Role Category Search Report: Shows the genes for the selected genomes that are within the selected role categories. To get to the Gene Page for a gene click on the Locus. Click on the EC Number to get a description of the number. Click on the "Options" button in the top right hand corner of the page to select a different annotation type or to download the nucleotide or protein sequences for all genes in the table. Finally, click on the "Download" button in the top right hand corner of the page to download the table in tab delimited format.

Region View Report: This tool displays a region of a DNA molecule showing all genes. To view the information on each of the genes displayed, place the cursor over the gene of interest. The fields (locus, coordinates, name, etc.) will fill in the appropriate information. To access the gene information page on a gene, click on the gene of interest. Very small genes will not be labeled on the graphical display below to keep gene name overlap to a minimum. A second table displays the start and stop sites for all six translational reading frames (three for the "top" DNA strand and three, reading in the opposite orientation, on the "bottom" strand). The long black lines represent stop sites while the short colored lines represent the 3 different start sites. The vertical position of each gene in the gene display above corresponds to the reading frame in which it is found.

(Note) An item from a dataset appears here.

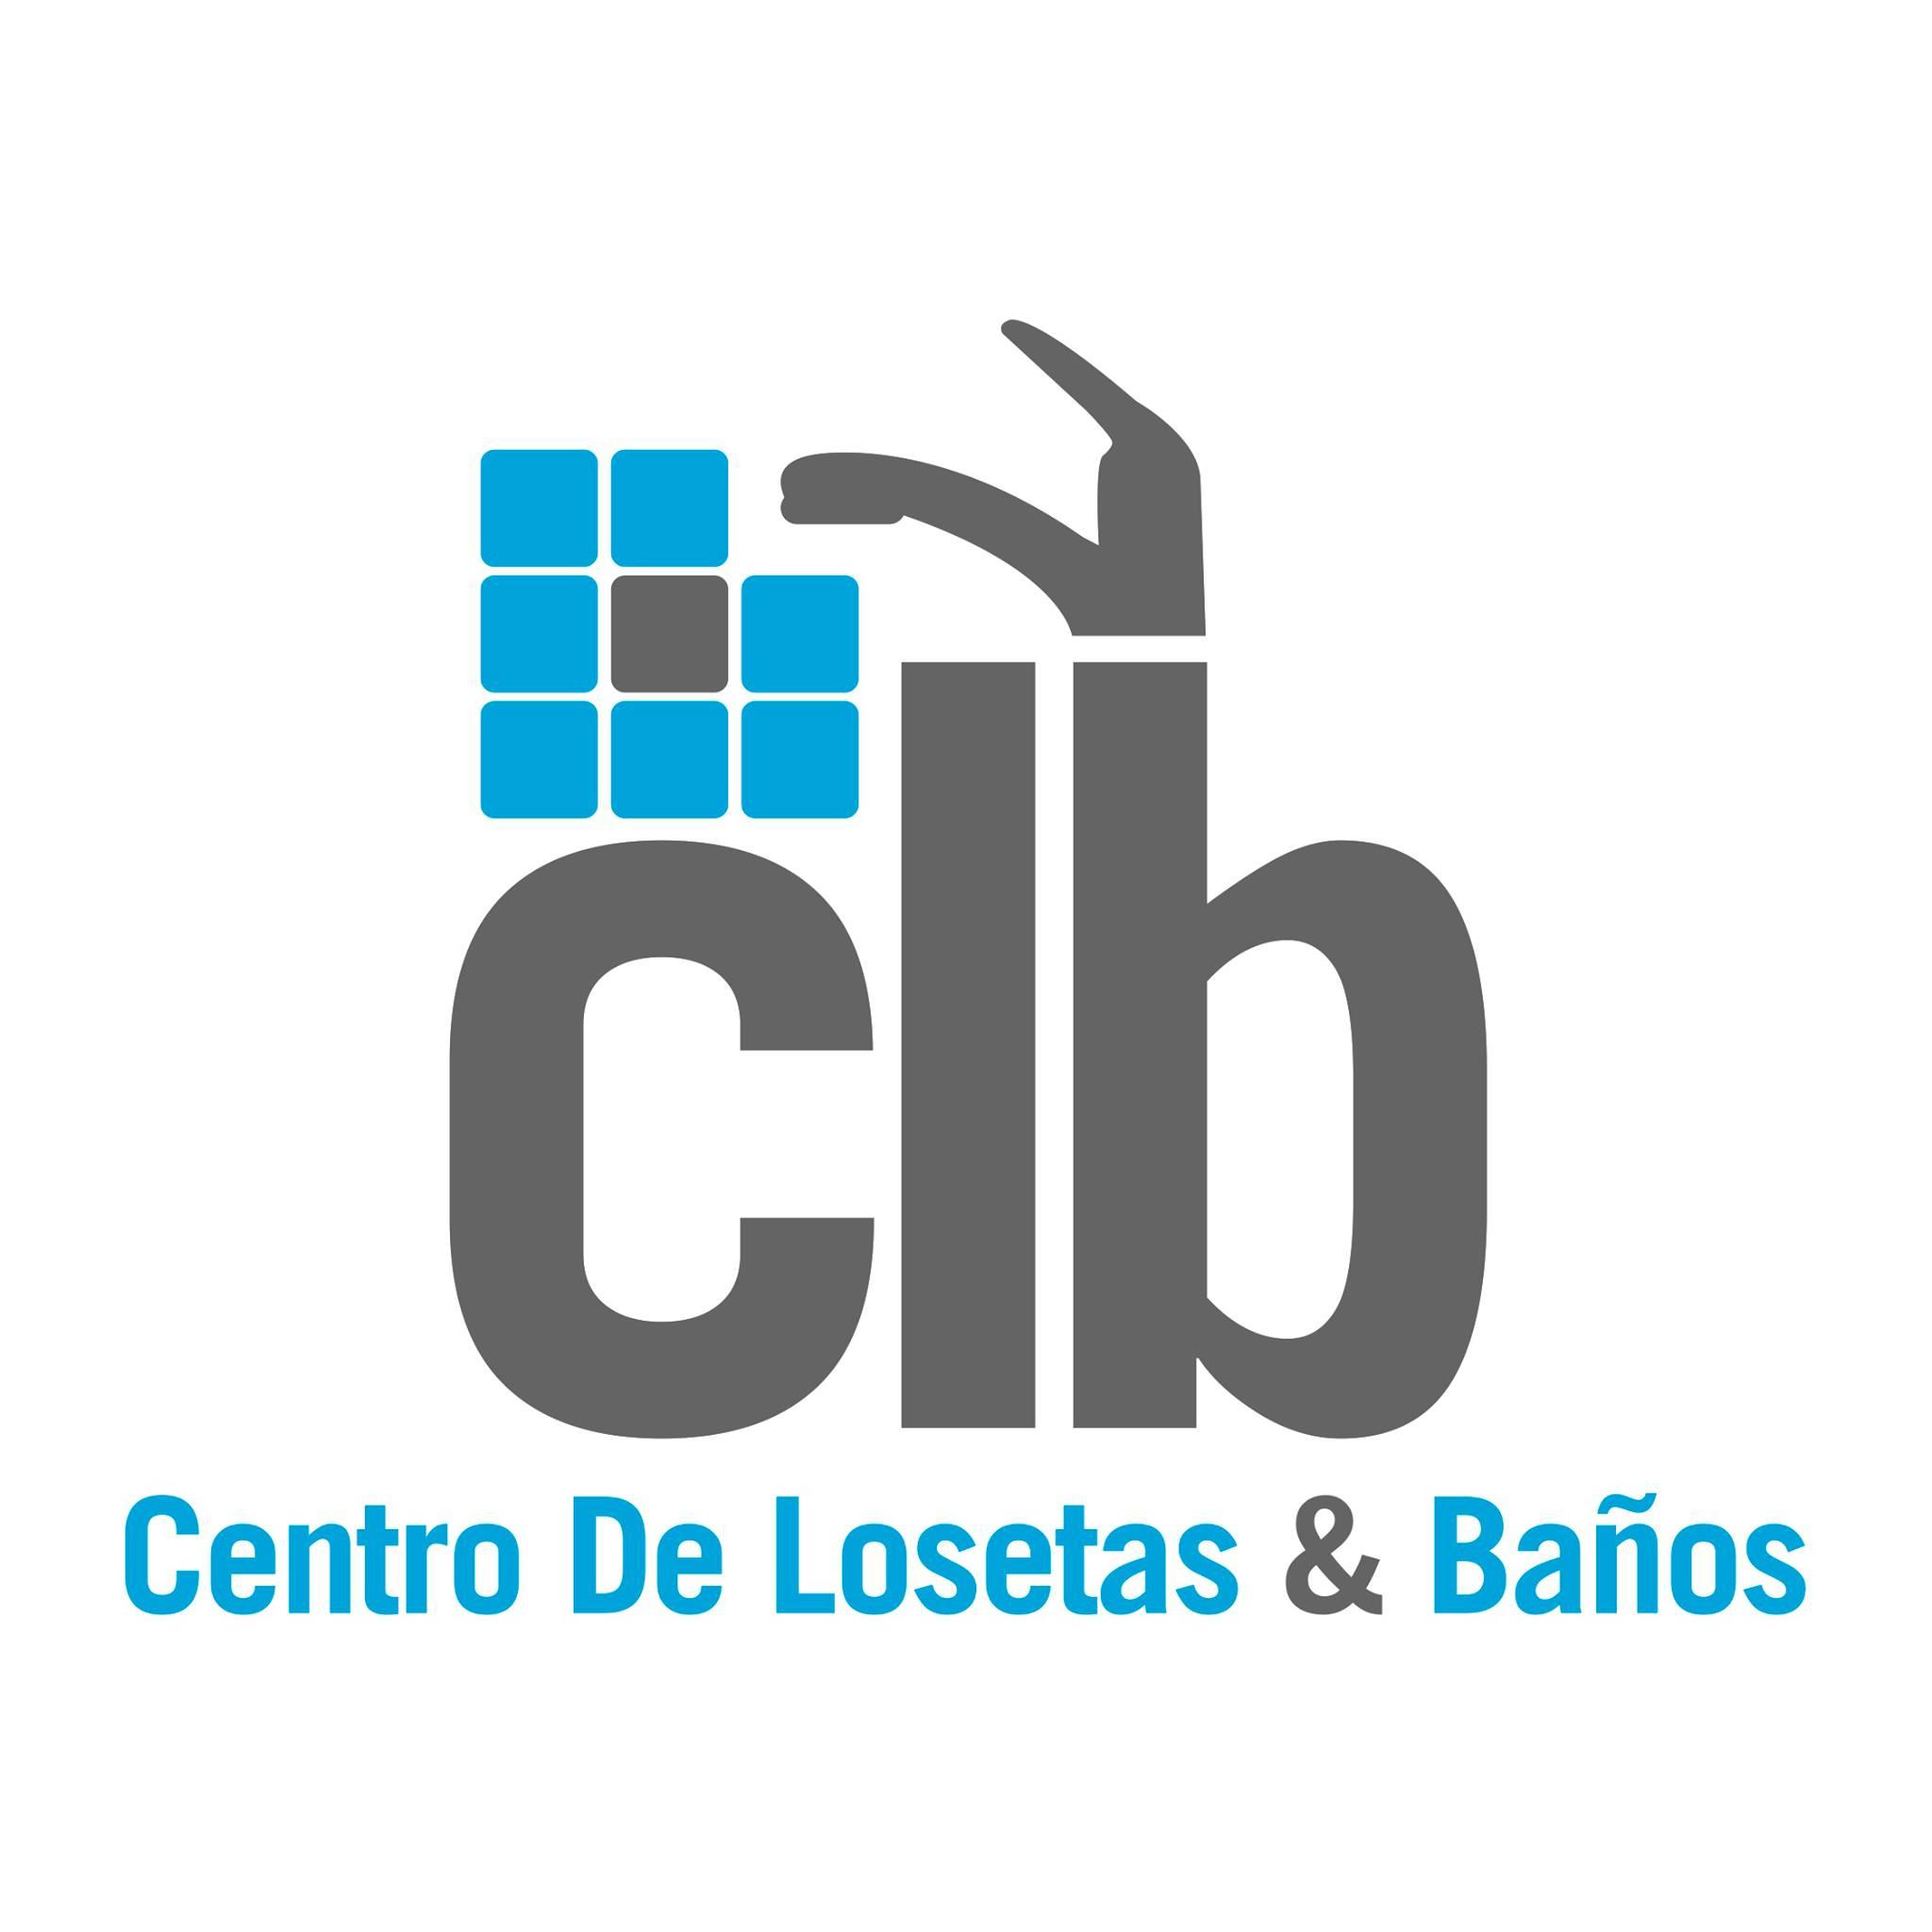 Centro Losetas y Baños

Position Search/Segment Retrieval Report: This tool shows either the nucleotide sequence or a gene list between two coordinates on a DNA molecule. For the gene list click on the locus name in the table to get to the Gene Page for that gene. Click on the "Options" button in the top right hand corner of the page to select a different annotation type or to download the nucleotide or protein sequences for all genes in the table. Finally, click on the "Download" button in the top right hand corner of the page to download the table in tab delimited format.

CMR Toolbox Page Tools


CMR Toolbox: This page lists the "toolbox" tools available, including BLAST searches, restriction digest, operon predictions, as well as many other tools.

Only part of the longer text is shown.